Merge is cell-wise. If the two heads being merged edited disjoint cells, there's no conflict, they merge together. If they touched the same cell, or if one branch deleted a row another added, then you get a conflict.

Merge conflicts are stored in a special system table so you can decide what to do with them, kind of analogous to conflict markers in a source file. More details here:

https://docs.dolthub.com/sql-reference/version-control/merge...

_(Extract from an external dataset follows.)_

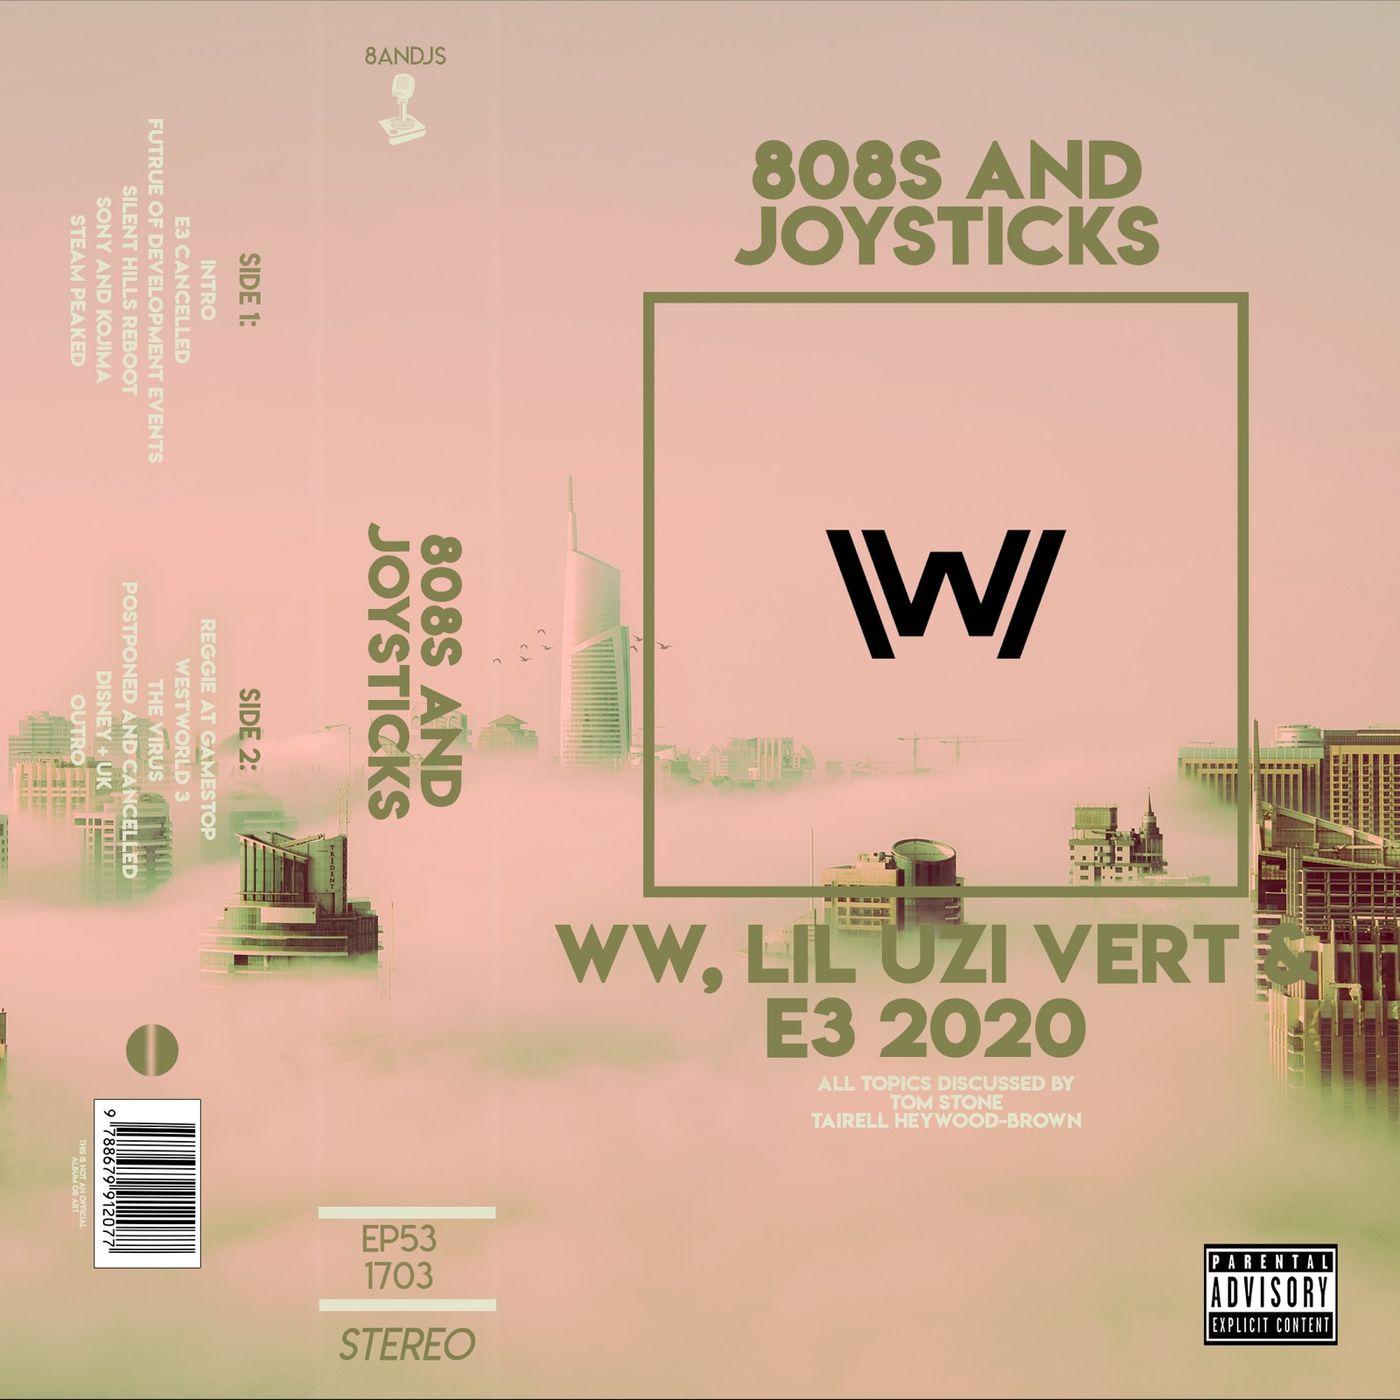 Episode 53: Westworld, Lil Uzi Vert and E3 2020

The situation you're talking about with two transactions isn't a merge operation, it's just normal database transaction isolation level stuff. Dolt supports REPEATABLE_READ right now, with others coming in future releases. So in the example above, whichever transaction committed last would fail and get rolled back (assuming they touched the same rows).

replies(1): >>31852404 #

remram ◴[23 Jun 22 17:28 UTC] No.31852404[source]▶

>>31850773 #

> The situation you're talking about with two transactions isn't a merge operation, it's just normal database transaction isolation level stuff

I mean, arguably. It's not like there is a standard definition for "merge operation" on data. Even Git tries to do more than line-level changes, taking context into account, and turning one line change into two line changes if merging across a file copy for example.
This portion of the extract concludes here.